On the arc webapp, you should use the Python Kernel of this class, which is:

**OOD-GEOFALL**.

You can find out if this is the active Kernel of this notebook with the bash command:

In [1]:
! conda env list

# conda environments:
#
base                     /opt/anaconda3
geosf21               *  /opt/anaconda3/envs/geosf21



The environment marked with an asterisk is the one you have active.
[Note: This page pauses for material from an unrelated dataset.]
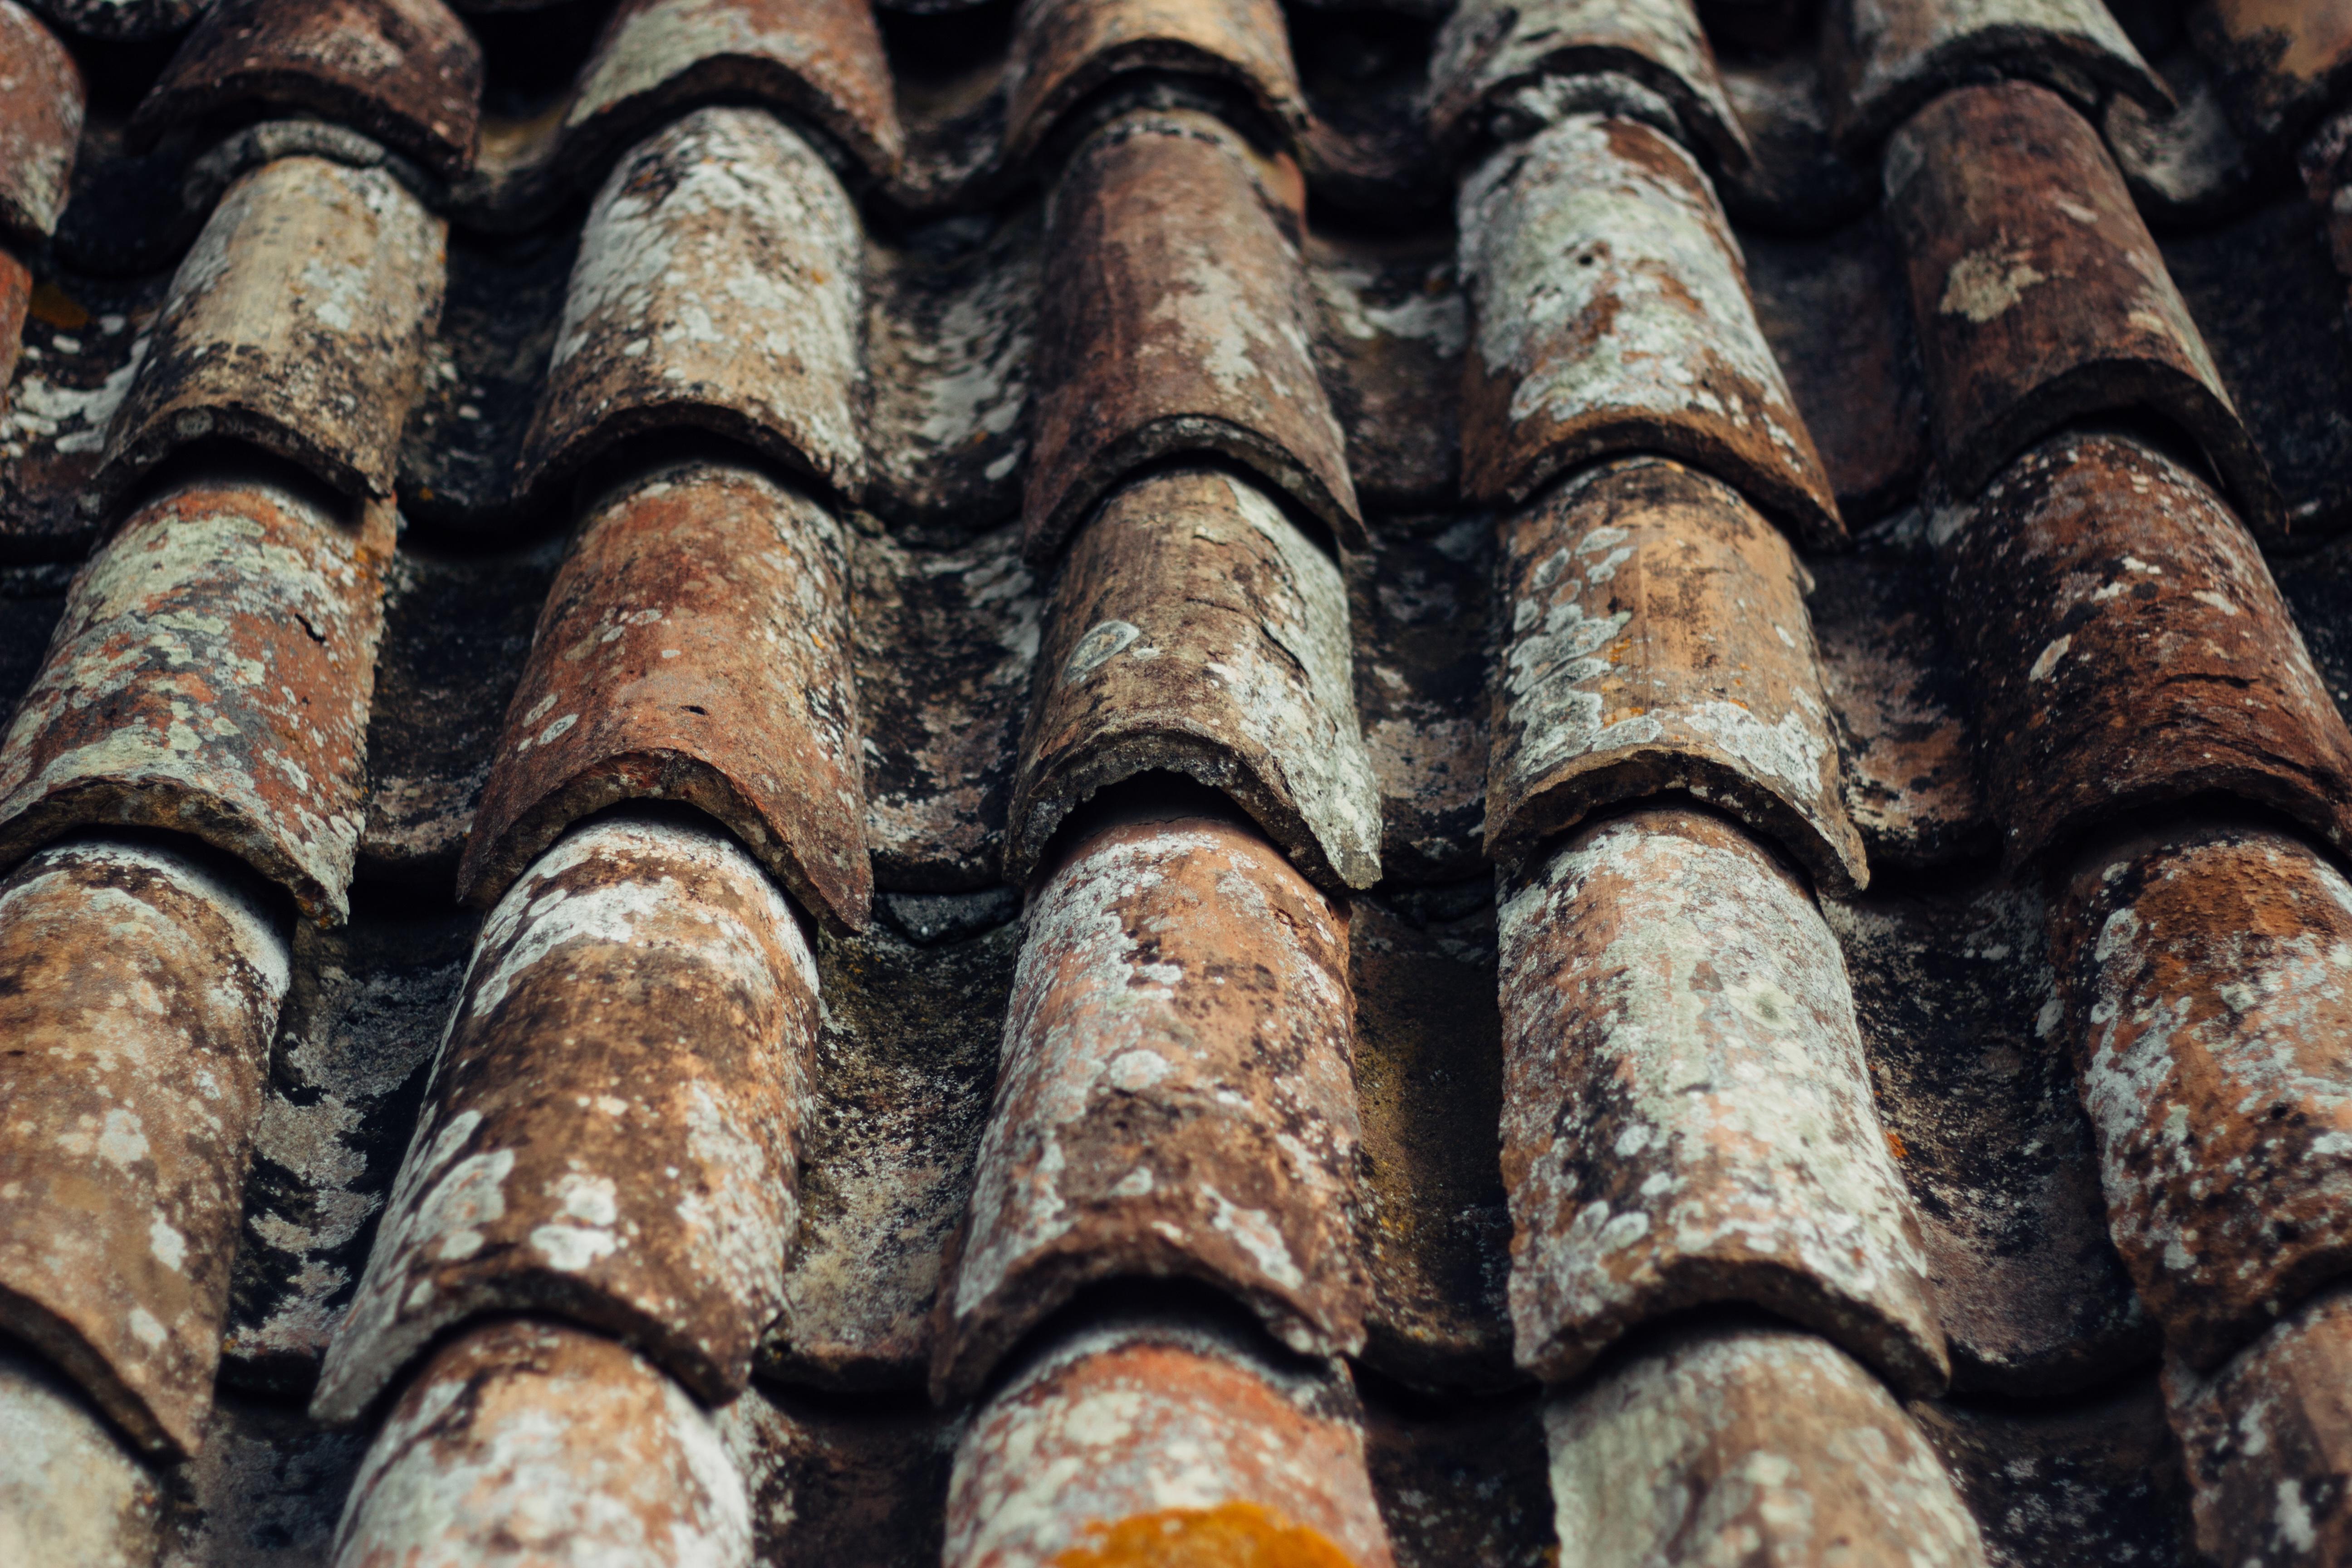 Kosten van een nieuw dak de prijs van dakpannen en dakbedekking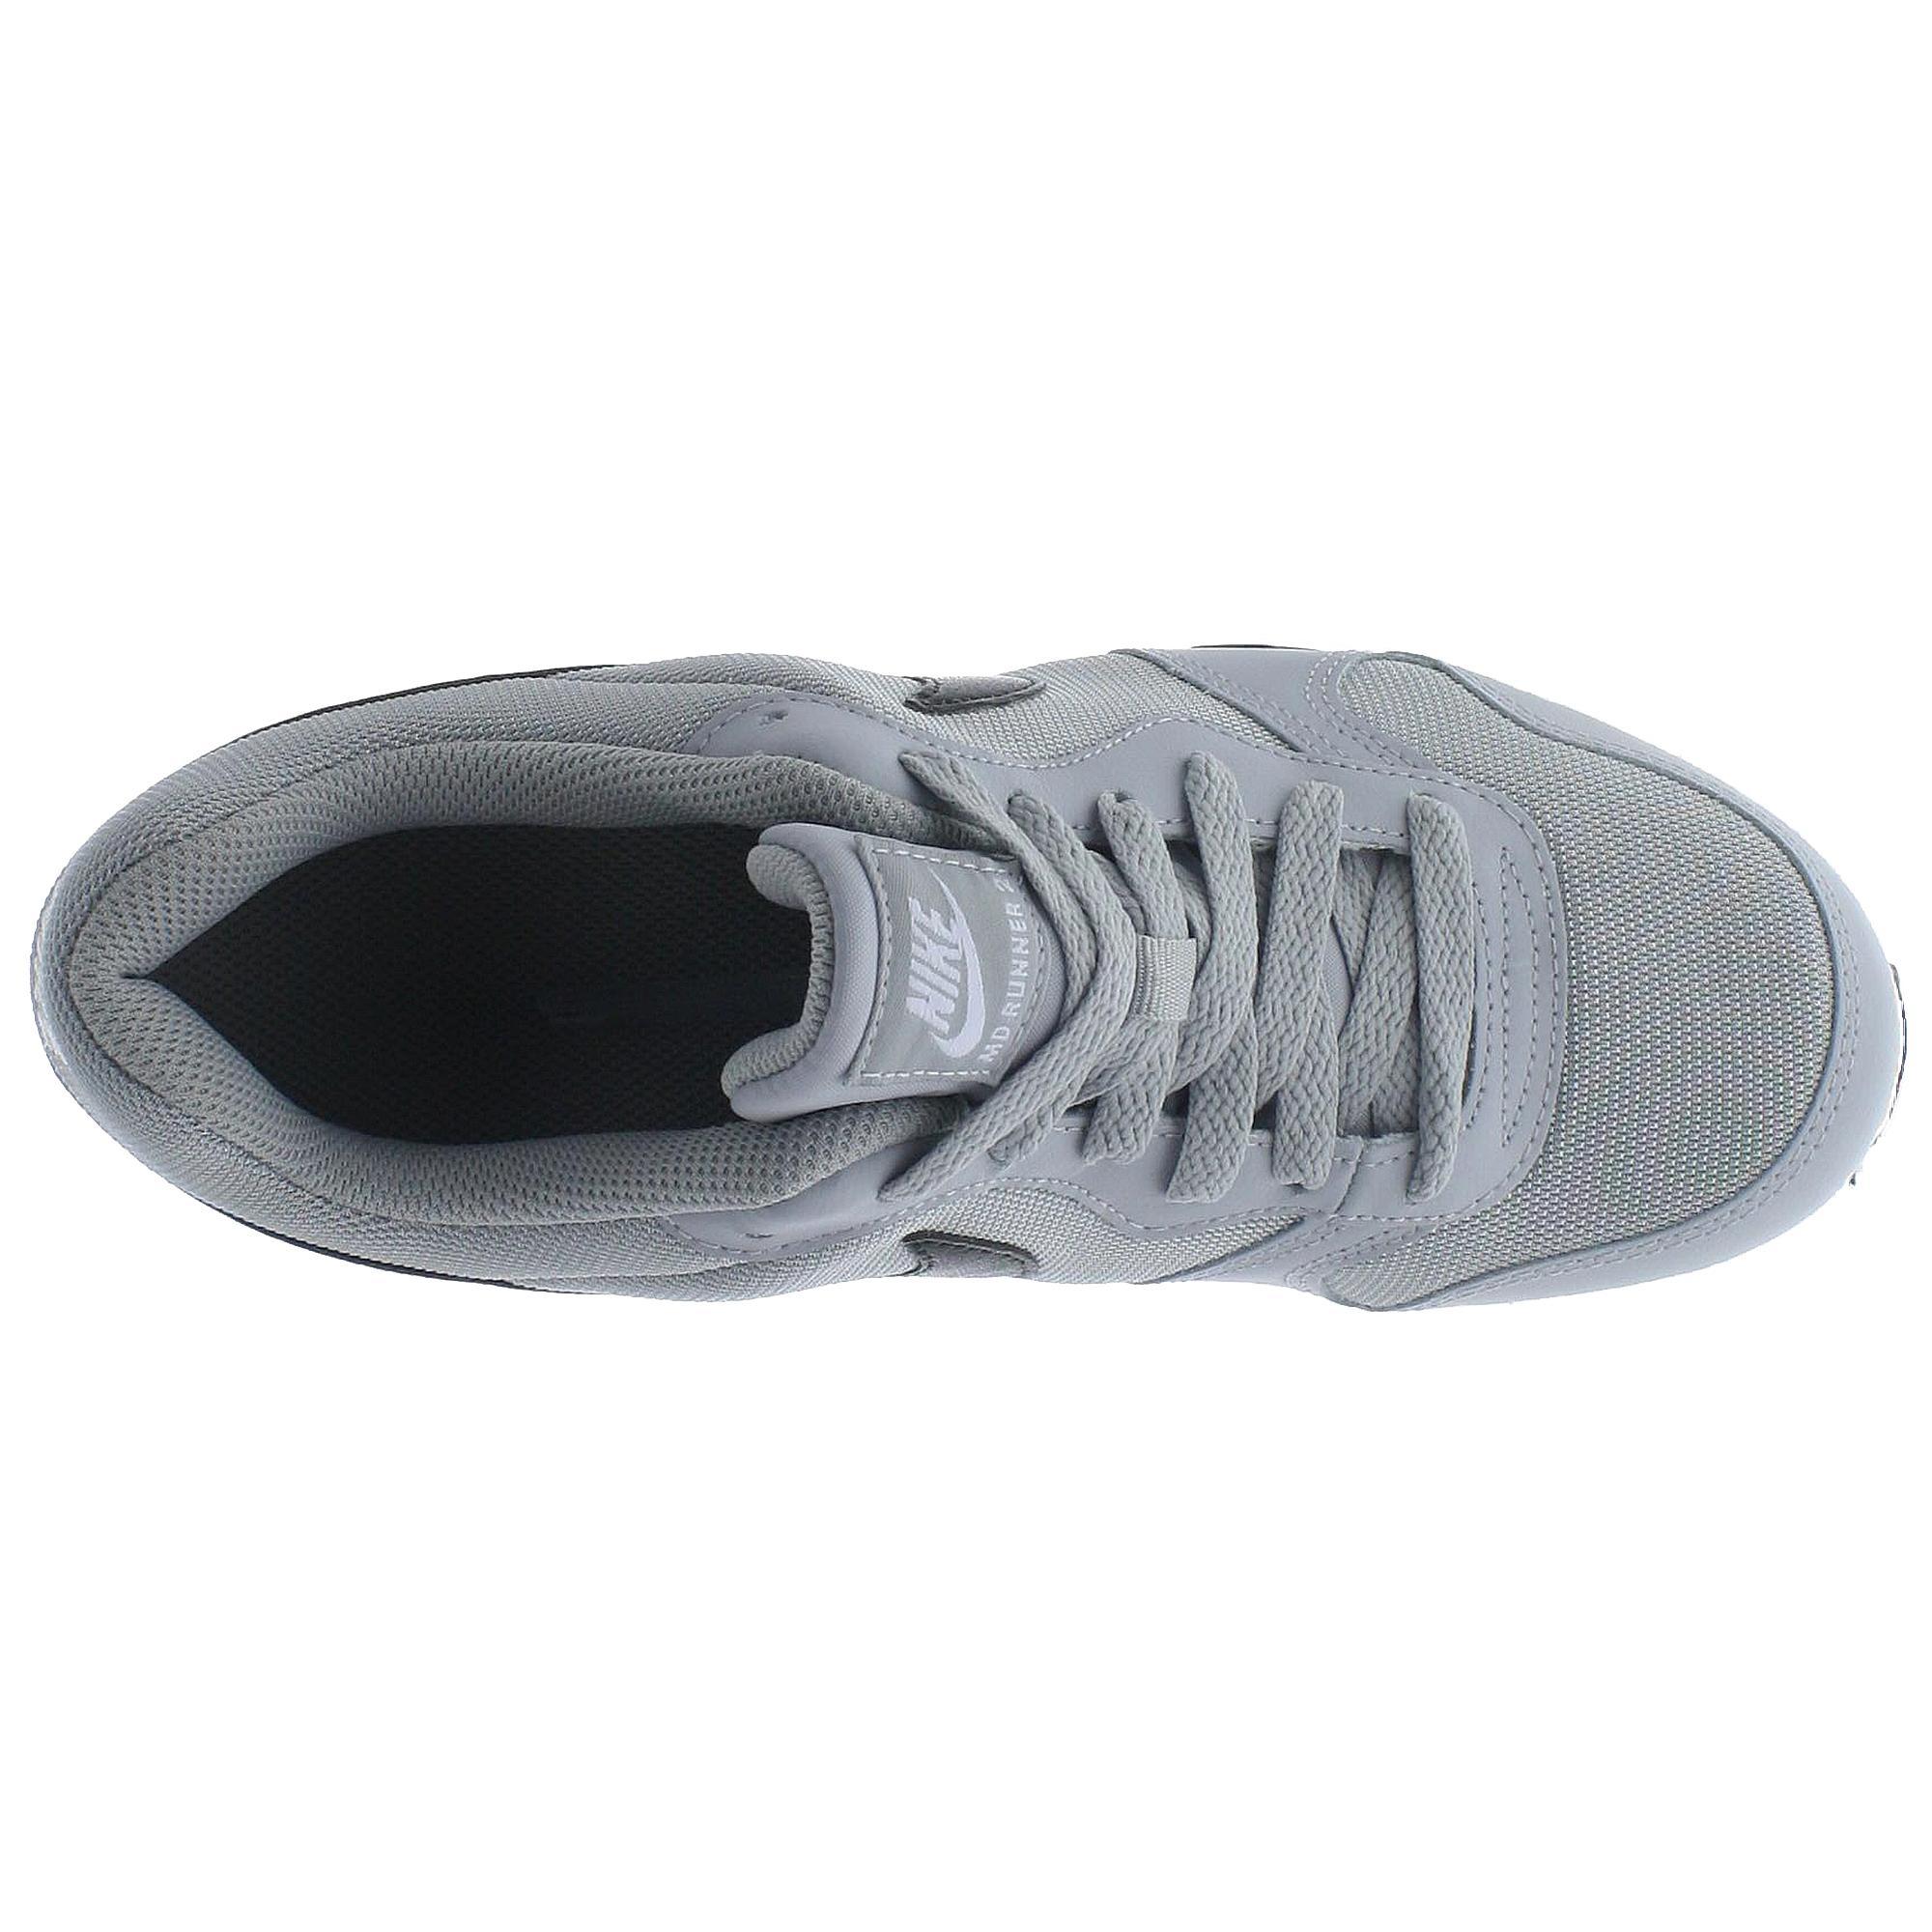 Nike Md Runner 2 SS19 (GS) Spor Ayakkabı  807316-003 - Barcin.com a909857b278d9

If this is not the environment for the class (OOD-GEOFALL), you can switch the environment of the notebook: **either** by switching the Kernel of the notebook at the top right drop down menu, **or** by executing the bash command in a magic cell:

In [65]:
%%bash
source activate OOD-GEOFALL
conda env list

# conda environments:
#
base                     /opt/anaconda3
geosf21               *  /opt/anaconda3/envs/geosf21



bash: line 1: activate: No such file or directory


Once you are sure, you are in the right environment, you can check if a needed package is installed in this environment, for example the netCDF4 package:

In [68]:
import netCDF4

If you get an error message, e.g. "ModuleNotFoundError", meaning the package is not installed, you have to switch to the terminal and execute the follwoing command and confirm the prompt:

```bash
conda install -c conda-forge netcdf4
```

or

```bash
conda install -c anaconda netcdf4
```

If you execute the command here as shell command (with %% bash or !), you might not see the execution in real time or won't be able to confirm the prompt, it might also run slower. I advise to run it in the terminal.

This is the same procedure for any new packages that are not installed in your environment on any computer.